From the very first day the Mac appeared, the critics said it wasn’t a serious personal computer. The graphical user interface meant it was just a plaything for the rich and restless, and that you couldn’t get any serious work done on it. That was the function of the real computer, the one that you manipulated with text commands.

Of course, that argument didn’t sit very well when Microsoft adopted many of the same interface niceties. Maybe it was a pale imitation of the original, but the basic concepts, requiring keyboard and mouse, were still present and accounted for.

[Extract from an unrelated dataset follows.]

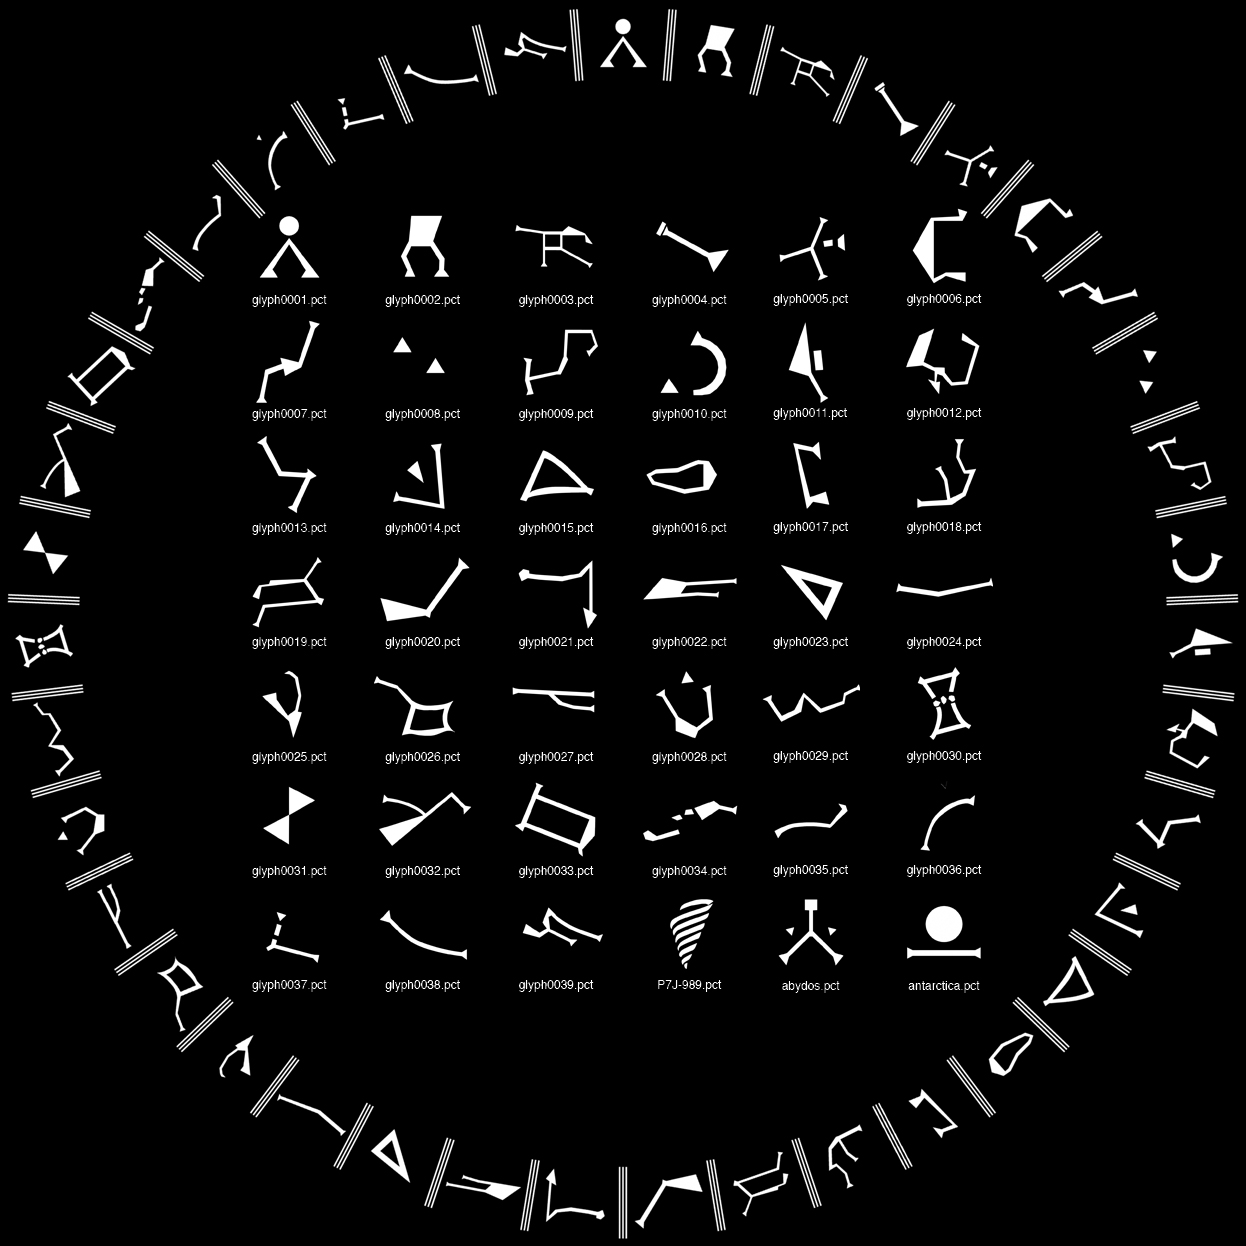 ancient glyph translator

Yet even when so-called business computers came with point-and-click interfaces, somehow the Mac was still relegated to the category of a toy. It didn’t matter that graphic artists embraced Macs for such chores as desktop publishing, digital artwork and movie special effects. You see, a real business computer was supposed to be used for spreadsheets, and databases and that sort of thing. Sure there was Mac software available that could carry out those functions as well, but Apple did an extremely poor job of making its products affordable for companies that needed to order them by the hundreds or thousands.

That and other strategic missteps left a bad taste in the mouths of even devoted Mac users who, by the mid-1990s, deserted the platform in droves, along with some software publishers. Yes, the Mac wasn’t in a good way when Steve Jobs took control of the company he co-founded a decade ago.